HOMILY
FOR SISTER CLOTILDE’S SILVER JUBILEE
10.30am
Mass Sunday September 10th 2006
I think that I can tell you that Sister Clotilde was
not at all keen on making a fuss about her Silver Jubilee. She felt that a quiet Mass with the other sisters would have
been enough. I think I can also
tell you why we felt that that would not be right.
In one sense, of course, we are here to honour Sister Clotilde, as
she completes 25 years in Religious Life.
But there is much more to it than that.
We are here to celebrate what God has done for her, and through her
for the Church.
In a short while the sisters will sing Mary’s great hymn of praise,
“The Magnificat”. Mary
cries out to God: “My Soul glorifies the Lord. My Spirit rejoices in
God my Saviour”. She goes
on: “For He who is might has done great things for me and Holy is His
Name”. It is in that
spirit that we have come here today. Like
Mary, Sister Clotilde knows that everything that she has, has come to her as
a free gift from God.
It was God who inspired her to offer herself for the Religious Life
with the Sisters of Providence.
It was God who began the good work in her, and it is God who has
brought her to this day. What
we are celebrating is the Faithfulness of God.
We are living at a time when many people find the whole
idea of commitment difficult. People
can be wonderfully generous when the occasion demands it, but they are
fearful of making a total commitment. The
Religious life, like the priesthood, and like Marriage, involves a radical
choice to commit oneself for life to what is truly a vocation, a calling
from God. Humanly speaking it
can seem an impossibly difficult choice to make.
How can I know how I will feel in ten years from now?
How can I commit myself to this person for the rest of our lives?
But today, as in the Gospel Christ invites us to do just that.

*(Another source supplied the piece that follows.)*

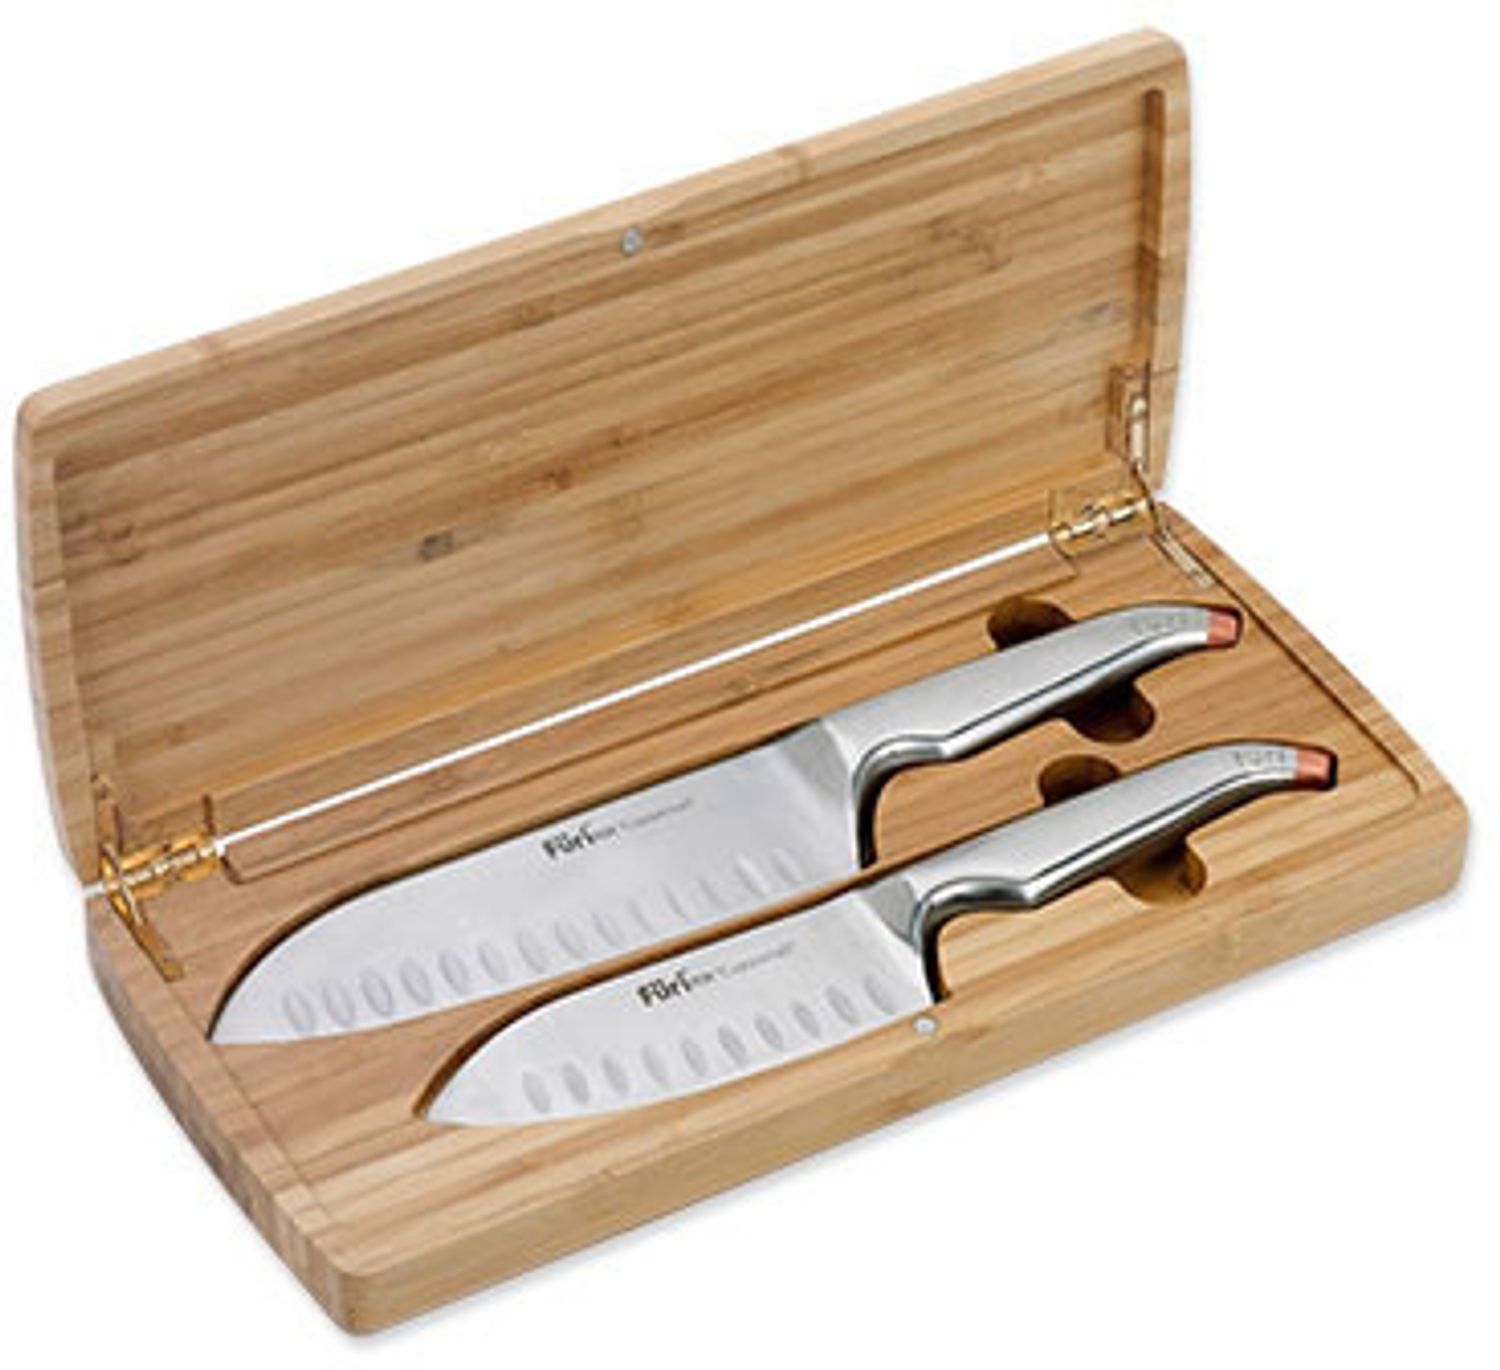 Rachael Ray Knives and Japanese Bamboo Wood Block Set 5 Slots 1 Knife  Missing

The history of the Church is the story of countless men and women who
have made a great act of faith in God, and have set out on the path of total
commitment.
The fact that Religious Life, and the Priesthood, and
Marriage are true vocations, does not mean that life becomes easy or
straightforward. It is easy to
start out with romantic ideals, and to imagine the kind of life it will be.
But you know as well as I do, that there are always ups and downs.
Whether you are Parish Priest of Seaford or the Pope there is still
the inevitable tedium of the daily routine.
You may imagine that your marriage will be a romantic dream with the most
wonderful husband or wife, but, as the wedding service reminds us, you take
each other “for better for worse, for richer for poorer, in sickness
and in health”. It is the
same with the religious life. One
of the great virtues we all need is the virtue of perseverance.
But I hope that you also know how God is always faithful to his
promises.
Looking back over 35 years as a priest, I can say that
God is never outdone in generosity, and that He gives us so much more than
we could ever have imagined.
I am sure that sister Clotilde would say the same.
Today as we give thanks with her, we pray for ourselves
that we may be faithful to our vocations.
We pray for our young people that they may not be frightened of making a
commitment in love for life. The
Church very much needs today the witness of faithful and loving married
couples. The Church needs many
more men to come forward for the priesthood, and many more man and women to
offer themselves for the Religious Life.
I cannot promise that any of these vocations will be easy.
Nothing really worthwhile is!
But I can tell you that if you are generous enough to make that
commitment God will never let
you down, and you will experience in a wonderful way The Faithfulness
of God which we are celebrating with Sister Clotilde today.